All of this throws a critical financial lifeline to a Chinese government that’s increasingly totalitarian, conducting high-tech surveillance on its own population even Orwell couldn’t have imagined and, late last month, undermining Hong Kong’s independence and democracy by imposing a harsh new national security law.
But China’s initiative in Xinjiang is in a class by itself — and the next two paragraphs will be graphic and disturbing.
Uighur men are put in reeducation camps, where their beards are shaven, they are made to eat pork, and they are forced to endure an endless loop of Chinese Communist slogans, songs and anti-religious indoctrination. “Every waking moment is an onslaught on their cherished beliefs and traditions,” writes Edward Lucas in a devastating article in the UK’s Daily Mail. Torture, including sleep deprivation and electric shock, is common.
For women, it’s even worse. An AP investigation revealed the Chinese government is “taking draconian measures to slash birth rates among Uighurs and other minorities as part of a sweeping campaign to curb its Muslim population” through forced sterilization, abortion and implantation of intrauterine devices.
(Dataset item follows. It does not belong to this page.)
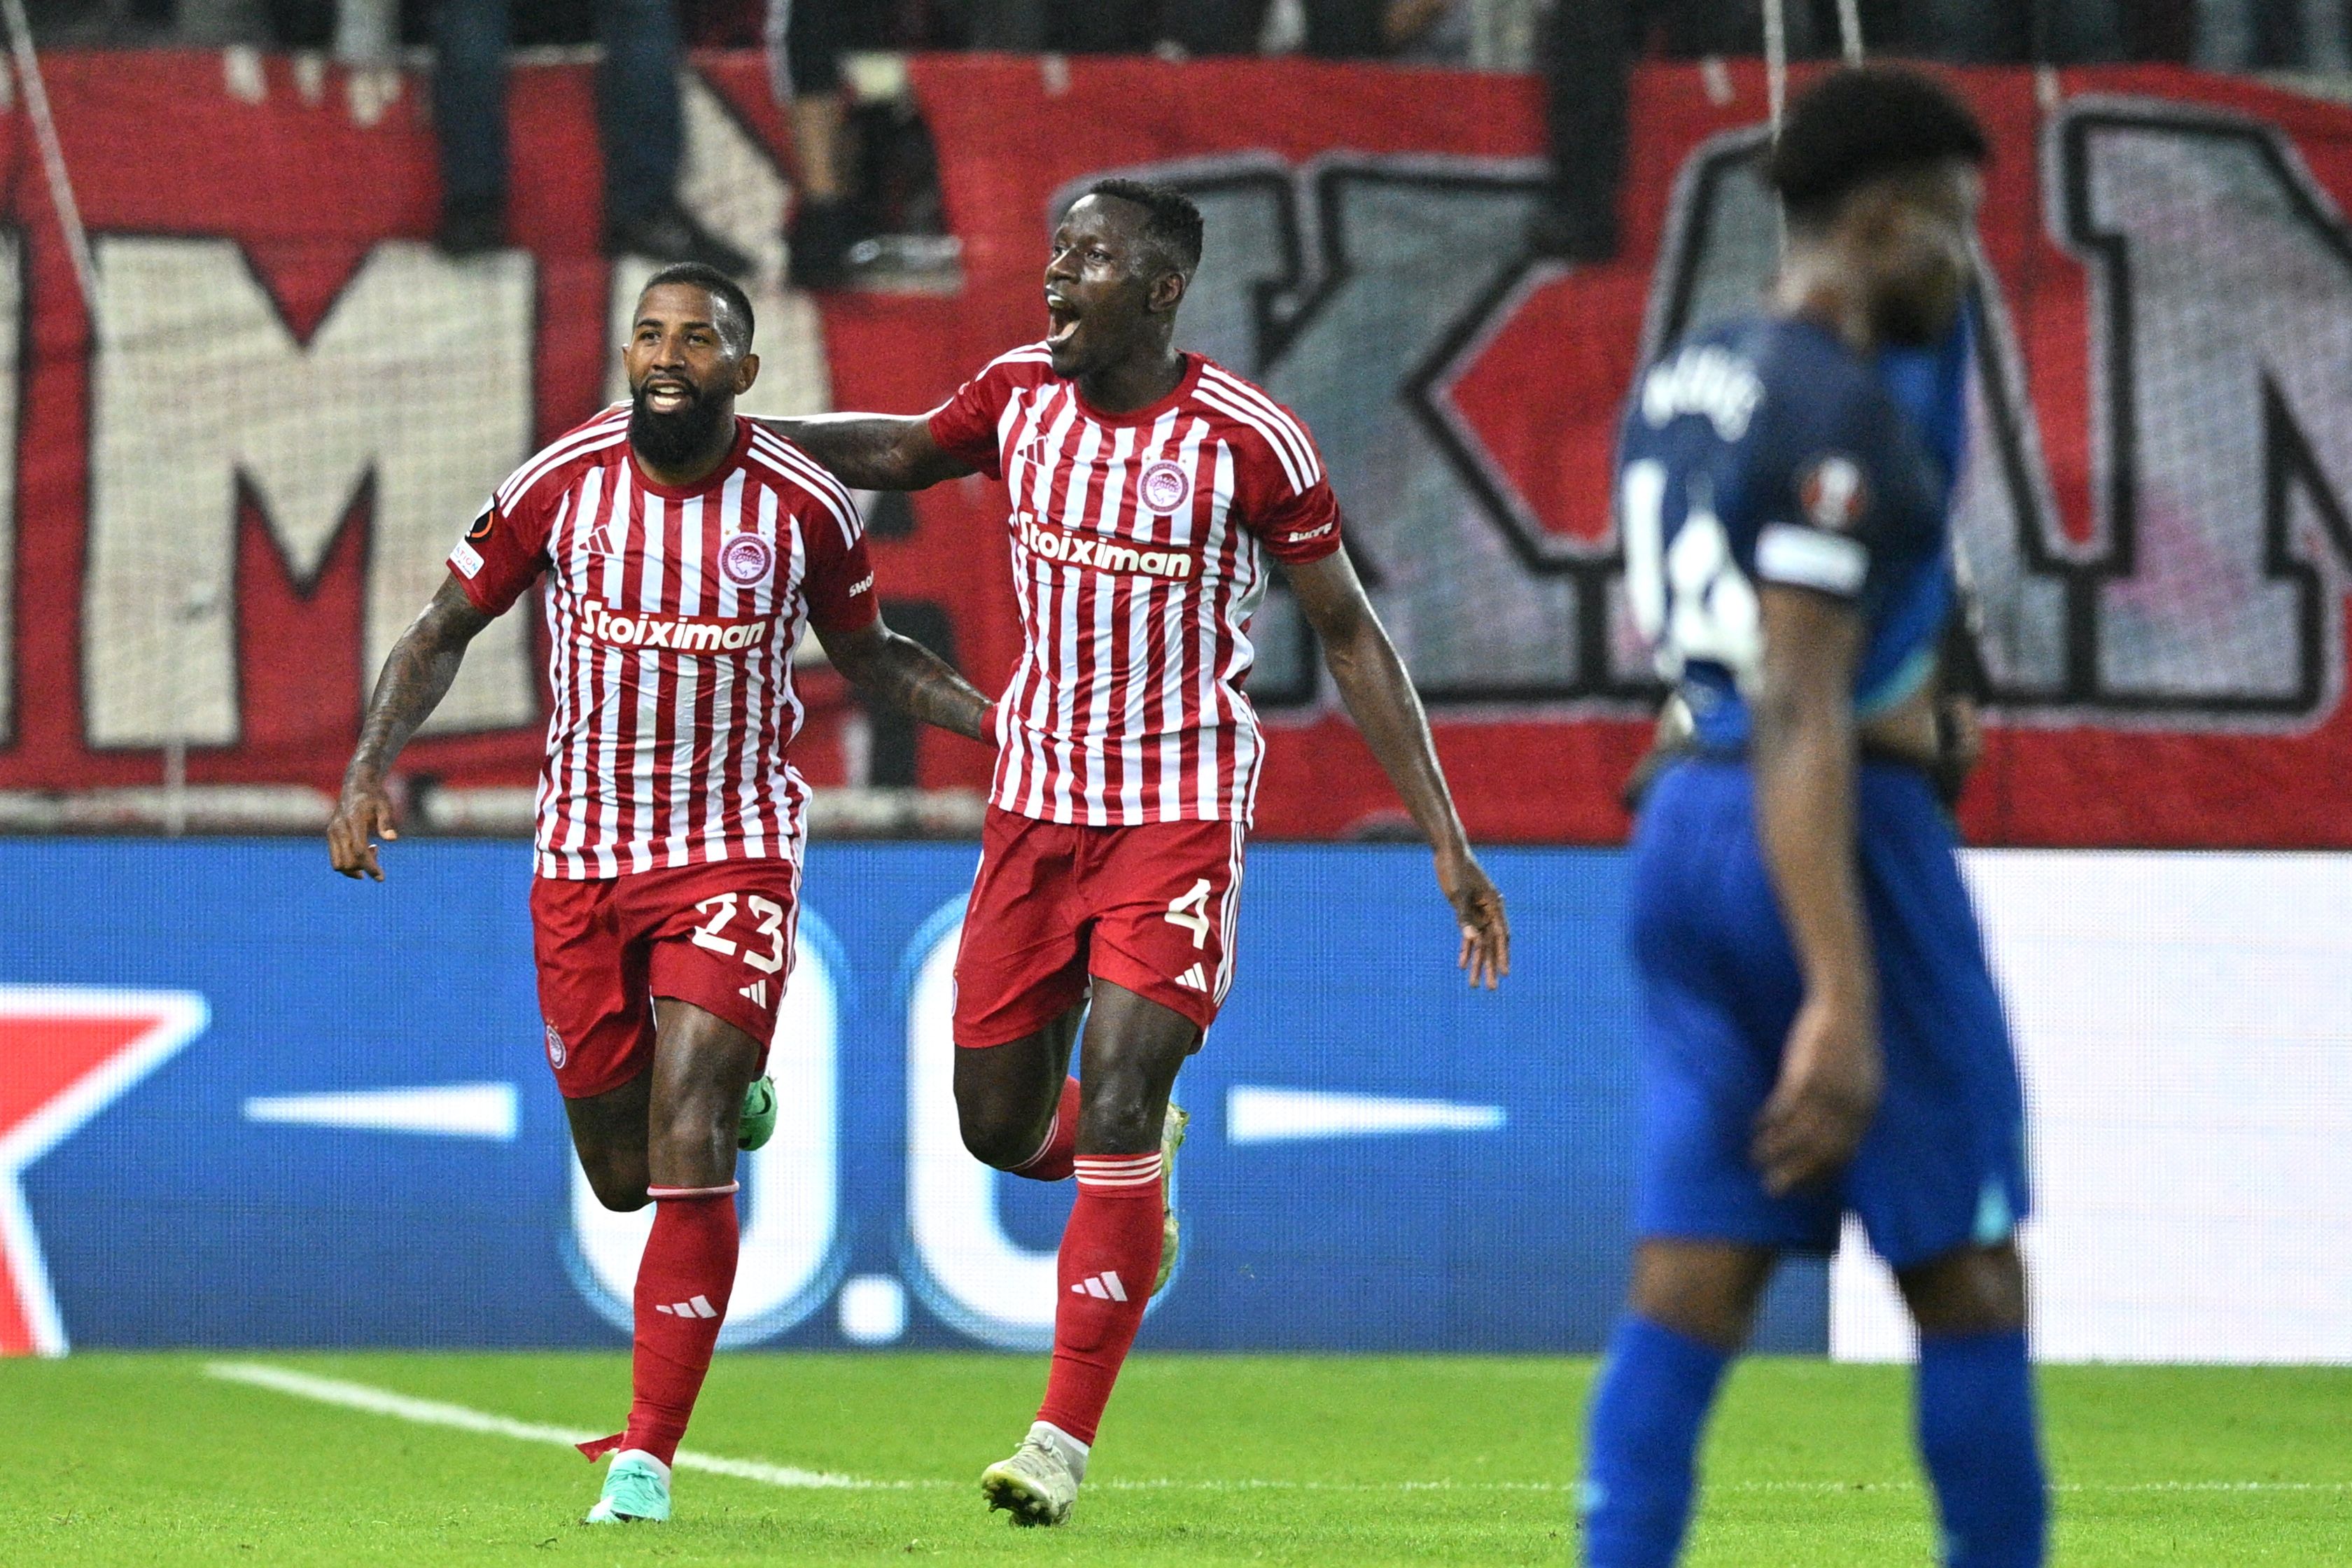 West Ham suffer first European loss in 18 matches at hands of Olympiacos |  The Independent

“Between 2015 and 2018, population growth rates in the Uighur heartland plummeted by 84%. Conversely, official documents show that sterilization rates skyrocketed in Xinjiang while plunging throughout the rest of China,” Foreign Policy magazine reported. “In 2018, 80% of all IUD placements in China were performed in Xinjiang despite accounting for a mere 1.8% of China’s population.”
Human-rights activism
Protests against this are growing. In the UK, human-rights activist Maajid Nawaz went on a hunger strike to get the 100,000 signatures necessary to get Parliament to debate this issue. In late May the U.S. Congress voted overwhelmingly to sanction Xinjiang Communist Party boss Chen Quanguo, who also presided over China’s ethnic cleansing in Tibet.
But not from corporate America or Wall Street. I emailed five big firms and two major index providers and asked whether they would “continue to deepen your business ties with China” in light of these developments. J.P. Morgan Chase JPM, -0.70%, Morgan Stanley MS, -0.75% and London Stock Exchange Group, which owns indexer FTSE Russell, declined to comment. Goldman Sachs GS, -0.76%, Bank of America BAC, -0.77%, BlackRock BLK, -1.30% and indexer MSCI MSCI, +0.17% didn’t respond to my email and a follow-up request.
Last week chilling videos, purportedly from drones in Xinjiang, emerged of bound, apparently Muslim men being loaded onto trains. Loaded onto trains. Distant relatives of mine, I’m told, were loaded onto trains in Poland and never came back, so this hits home for me.
We don’t know how many Uighurs have died in Xinjiang, but thus far this doesn’t appear to be the systematic extermination of a group of people like the Holocaust (or Rwanda) was. Still, call it cultural genocide, demographic genocide or ethnic cleansing, it’s a monstrous crime against humanity, so it should hit home for everyone. Though not, apparently, for Wall Street, where money is thicker than blood.